Eve rose and gestured Ransdell into her father’s chair. She shook his hand. Dodson shook his hand. Tony shook his hand—Tony whose soul was at that moment in exquisite torment.

Ransdell looked drawn and bleak.

“One other thing,” Tony said, his voice steady. “We may be in a new and to me fantastic danger.” Like a soldier making a report, he detailed the knowledge Kyto had given him and told Ransdell what precautions he had already taken. Even as he spoke the air was filled with a hissing thunder and they waited to continue the conversation until tests of the blast tubes had been finished.

“I’ll get outposts established at once,” Ransdell said. “I scarcely believe that such a thing could be—but we can take no chances.”

“I’d like to talk with Kyto,” Eve said. She left the room even as Tony turned to bid her good-by.

“That radio—” said Ransdell. Tony could not make his senses believe that the man who spoke to him now was the man with whom he had spent the latter part of the previous night in deep exultation. Rivalry over leadership—rivalry over Eve—they seemed inadequate things intellectually for the breaking of a friendship. Tony remembered the pact he and Ransdell had reached in Michigan, long ago. Now—it seemed broken!

“I’ll take it immediately, Dave,” he answered.

The use of his first name startled Ransdell somewhat from his barren mood. He rose and held out his hand.

Tony shook it. “So long,” he said.

“Good luck.”

Tony opened the throttle regulating the supply of minute quantities of fuel to the atomic blast of his plane. The increase of speed as he fled southward took some of the strain from his nerves. His ears roared to the tune of the jets. The ground underneath moved in a steady blur. Beside him on the extra seat was the radio—a set taken from the ark of the air, and still crated.

Tony had lost his hope of being leader. He had lost Eve. Ransdell came first in the hearts of his companions. Tony wondered how other men in the camp would adjust their philosophies to this double catastrophe. Duquesne would shrug: “C’est la vie.” Vanderbilt would have an epigram. Eliot James would tell him to hope and to wait and to be courageous.

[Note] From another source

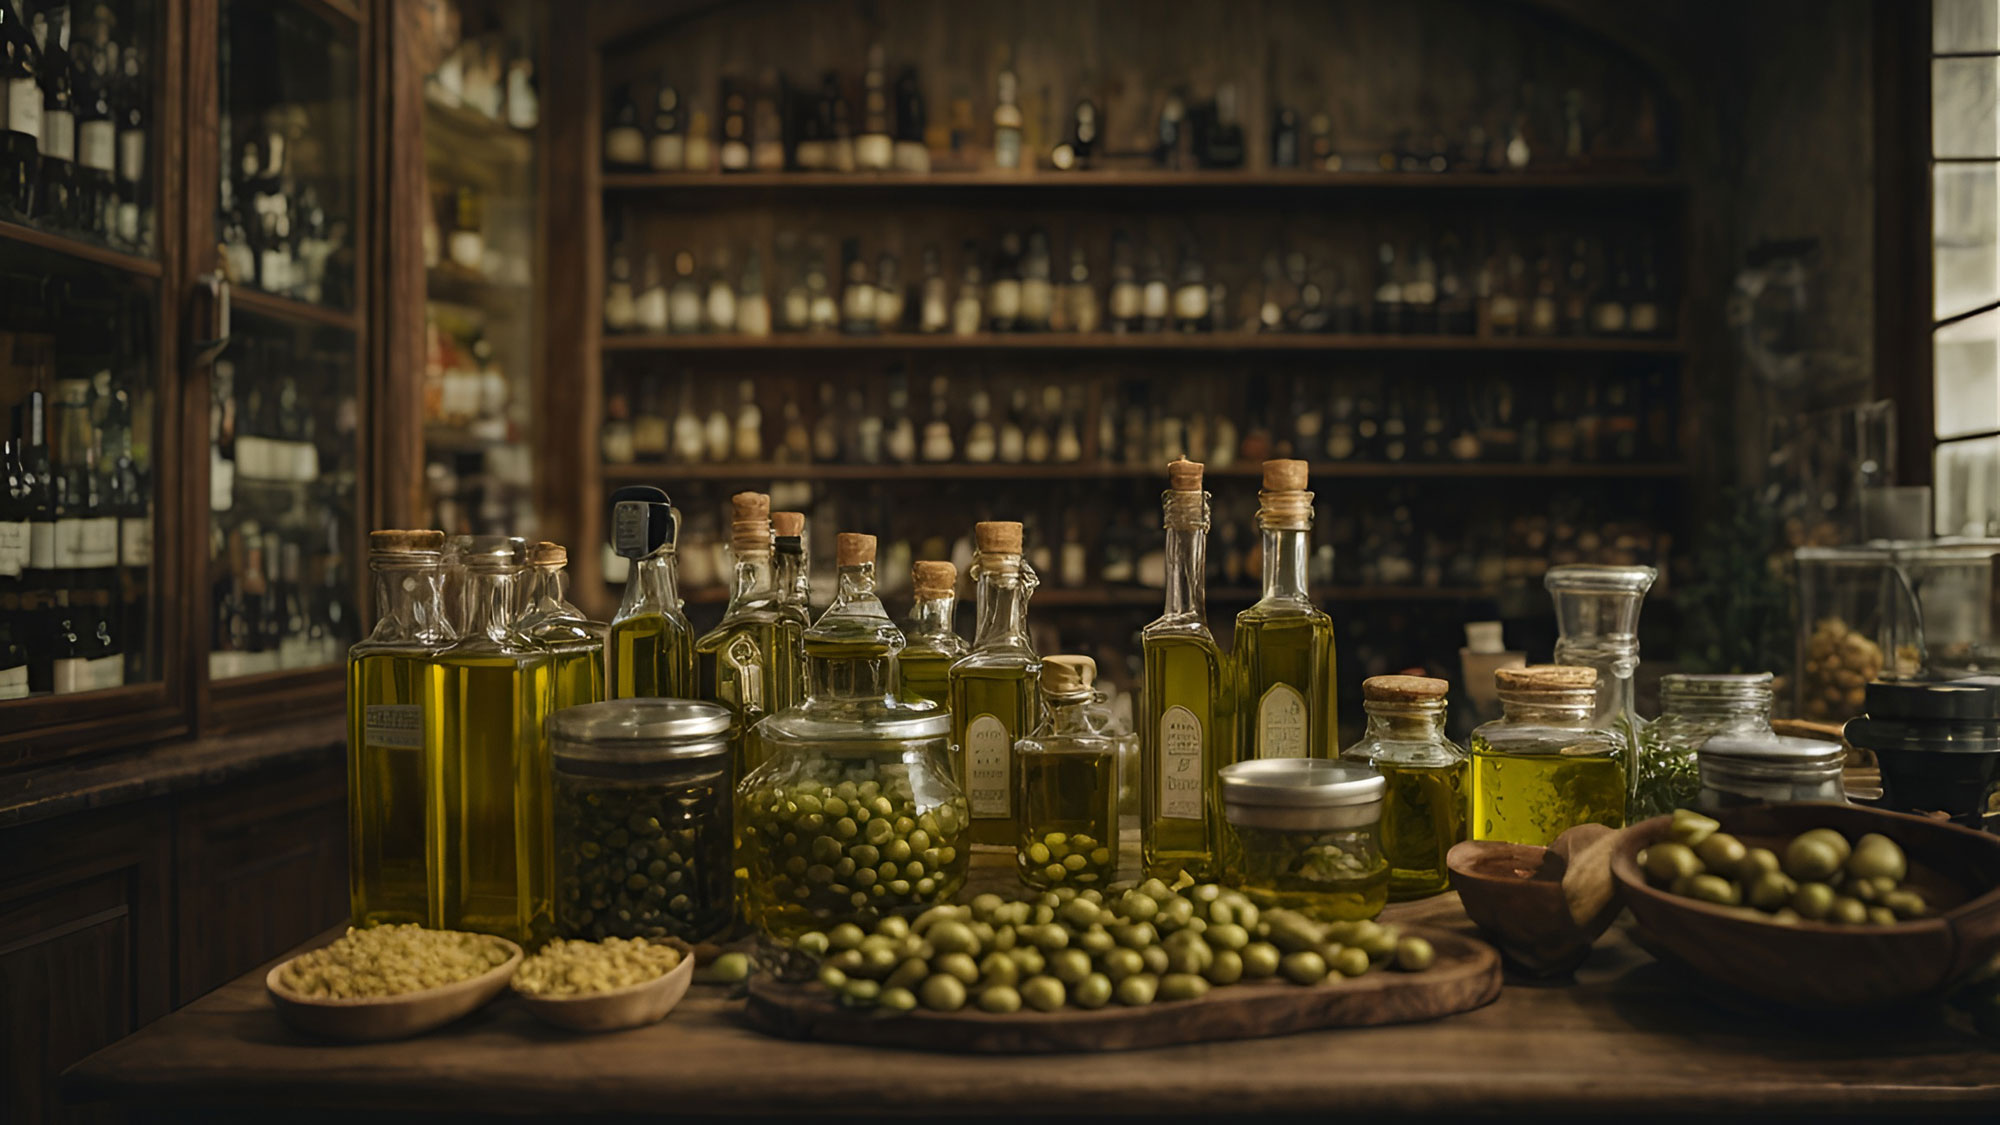 Unsere hochwertigen Olivenöle werden von Händlern angeboten, die Wert auf Nachhaltigkeit und Qualität legen. Genießen Sie mit unseren Olivenölen das Beste aus der mediterranen Küche.

Far ahead he saw the cantonment.

He lost altitude, dropped in a tight spiral, straightened out, and landed at an unnecessarily furious speed.

A few minutes later he was surrounded, and the radio was being carried from the plane by experts.

James was at his side. “Lord, you look tired! I’ve got a bunk for you.”

“Thanks.”

Questions were being asked. “Got to sleep,” Tony said, trying to smile. “Tell you later. Every one’s all right—Hendron’s somewhat ill—Ransdell’s commanding up there. See you after I have a nap.” They let him go.

He stretched out under one of the shelters. James, after a private question or two, thoughtfully left him. He could not sleep, however. He did not even want to be alone. Then—some one entered the room where he lay. He turned. It was the girl Marian Jackson.

“You’re not asleep,” she said easily.

“No.”

She sat down on the side of his bed. “Want anything?”

“Guess not.”

“Mind if I sit here?”

“No.”

She brushed back the hair from his forehead and suddenly exclaimed. “You’re all chapped and wind-burned!”

He smiled. “Sure. Flying.”

“Wait.” She was gone.

A moron, Tony reflected. But she was very sweet. Thoughtful! A woman, just brushing back your hair when you were weary, could do strange things in the way of giving comfort. She returned.